Rezension

Das Leben – ein Wunder, die Liebe – der Sinn

Eins - Sarah Crossan

Eins
von Sarah Crossan

Bewertet mit 5 Sternen

Tippi und Grace sind siamesische Zwillinge und sie sind ein kleines Wunder, denn sie haben Überlebt. Doch was nun folgt ist das Leben an sich – ihr Leben. Begebenheiten, Begegnungen, Gedanken, Empfindungen. Leben, Erleben, Durchsetzen, Genießen, Lieben, Leiden. Chancen und Grenzen. Alles baut aufeinander auf und hängt voneinander ab. Sie wirken so anders und sind in Wahrheit doch genauso wie wir; wir, die „gesunden“ und „normalen“ Menschen. Doch im Laufe der Handlung wandelt sich diese Einstellung. Wie gehen wir um mit Menschen, die nur augenscheinlich „anders“ sind? Wir sind es, die sie am eigentlichen Leben hindern oder beeinträchtigen. Was ist normal, worauf kommt es dabei an? Für die beiden Mädchen bedeutet daher Leben auch immer Kampf. Das beschämt und macht sehr nachdenklich.
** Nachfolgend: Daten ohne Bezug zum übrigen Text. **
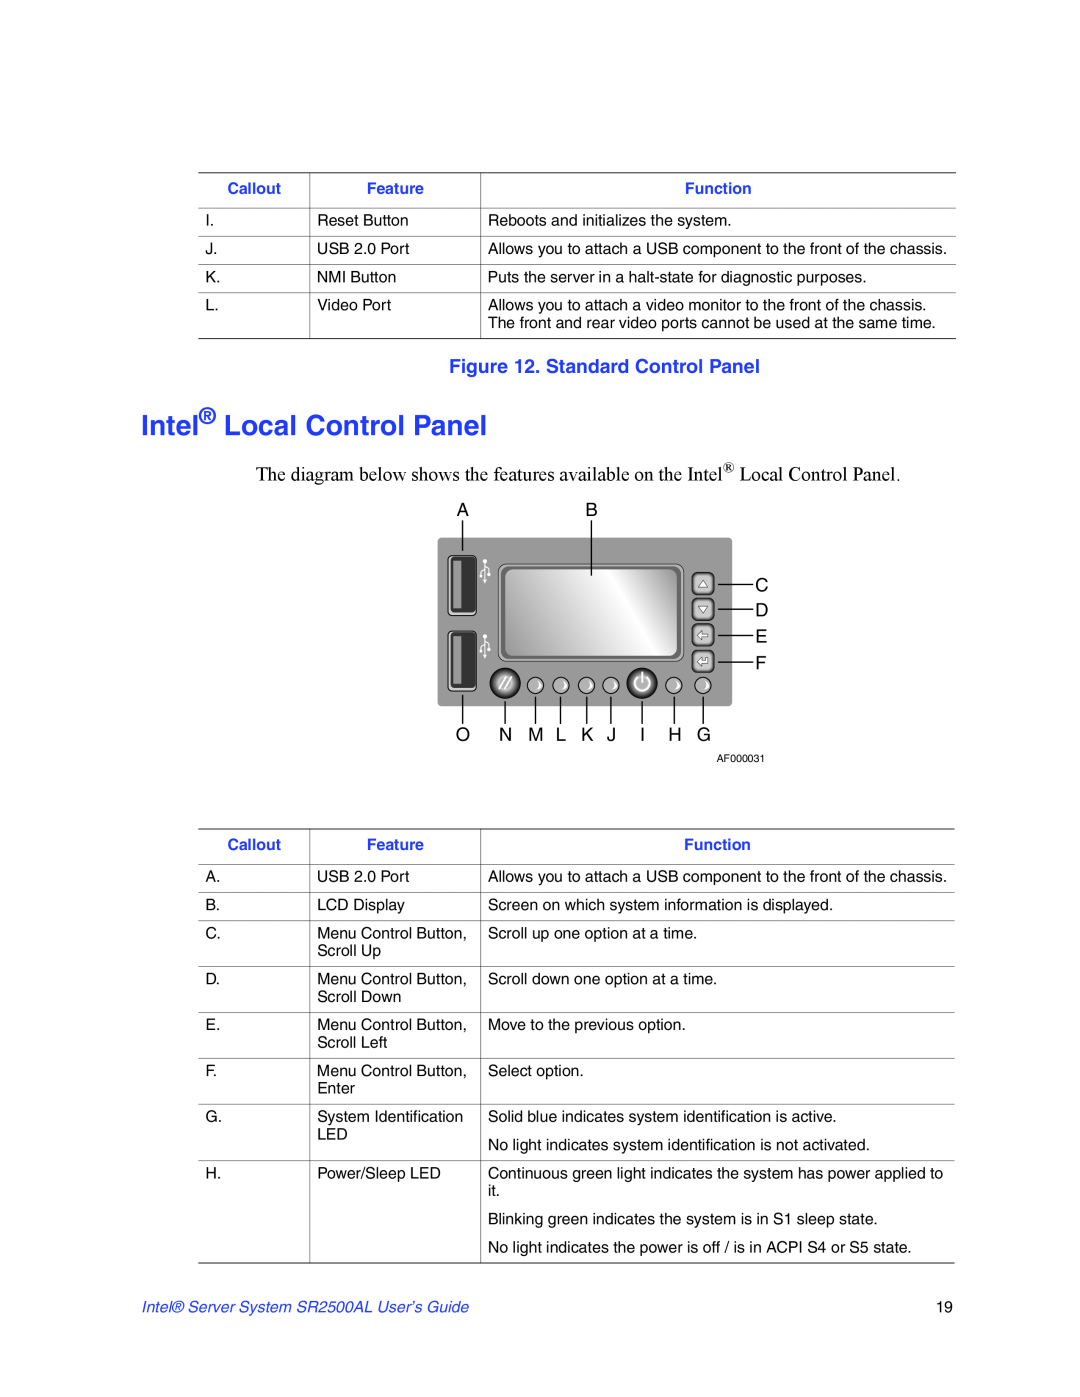 Intel SR2500AL manual Intel Local Control Panel, Standard Control Panel, N M L K J I H G

Andererseits sind beim Lesen ihrer bewegenden Geschichte Gefühlsduselei und Mitleid fehl am Platz, denn das ist genau das, was sie am wenigsten brauchen. Sie sind stark und sie haben einander. Sie sind Seelenverwandte. Wer von uns kann schon behaupten einen solchen Menschen stets neben sich zu wissen? Offen und unbedarft, genau wie unsere Protagonisten – beneidenswert. Man fragt sich oft „wie machen das die beiden bloß? Wo nehmen sie diese Energie her, diese innere Stabilität? Es sind ja bei Weitem nicht nur die ständigen Blicke, denen sie ausgesetzt sind. Das Schicksal hat voll zugeschlagen. Doch sie nehmen es an, alles, was dazu gehört. Sie machen sich dabei keine Illusionen. Duldsam und zuversichtlich zugleich. Das Hadern gewinnt nie die Oberhand. Mir zumindest haben sie damit viel voraus. Besondere Menschen erkennen sich und finden zueinander. Die Spreu trennt sich ganz von selbst vom Weizen. Das macht manches leichter. Es ist ja so schon schwer genug.

Der aufgebrochene Schreibstil und das besondere Layout mögen für einige Leser irritierend und gewöhnungsbedürftig sein. Für mich hingegen wird so der Roman erst „rund“. Ähnlich dem Aufbau einer Ballade oder eines Gedichtes kommen so die einzelnen Beschreibungen noch mehr zur Geltung. Barrieren und Lücken entstehen, die im wahrsten Sinne des Wortes das geradlinige Lesen behindern. Und genau das ist wohl auch gewollt. Schnappschüsse, Momentaufnahmen. Man kann nichts überlesen. Alles scheint wichtig zu sein, eben auch die kleinen Dinge. Dieses Buch ist eben anders. Es bietet so auch sehr gut die Möglichkeit zu Innehalten. Ein bloßes Durch- oder Hintereinanderweg-Lesen ist nicht so leicht möglich. Es wäre auch der Handlung nicht gerade angemessen. Und das macht es auch besonders; besonders lesenswert. Grace erzählt, spricht zu uns wie in einem Tagebuch. Sie hat uns so viel zu sagen, nicht nur über ihre Schwester. Da ist auch ihre Familie, in der jedes Mitglied mit seinen eigenen Sorgen, Ängsten, Nöten aber auch Träumen zu kämpfen hat. Doch sie sind eine Familie und halten zusammen; mit sehr viel Verständnis und Liebe füreinander. Jeder trägt so mehr oder weniger seinen Teil zum Zusammenhalt dazu bei. Leben und leben lassen. Sie machen es uns vor.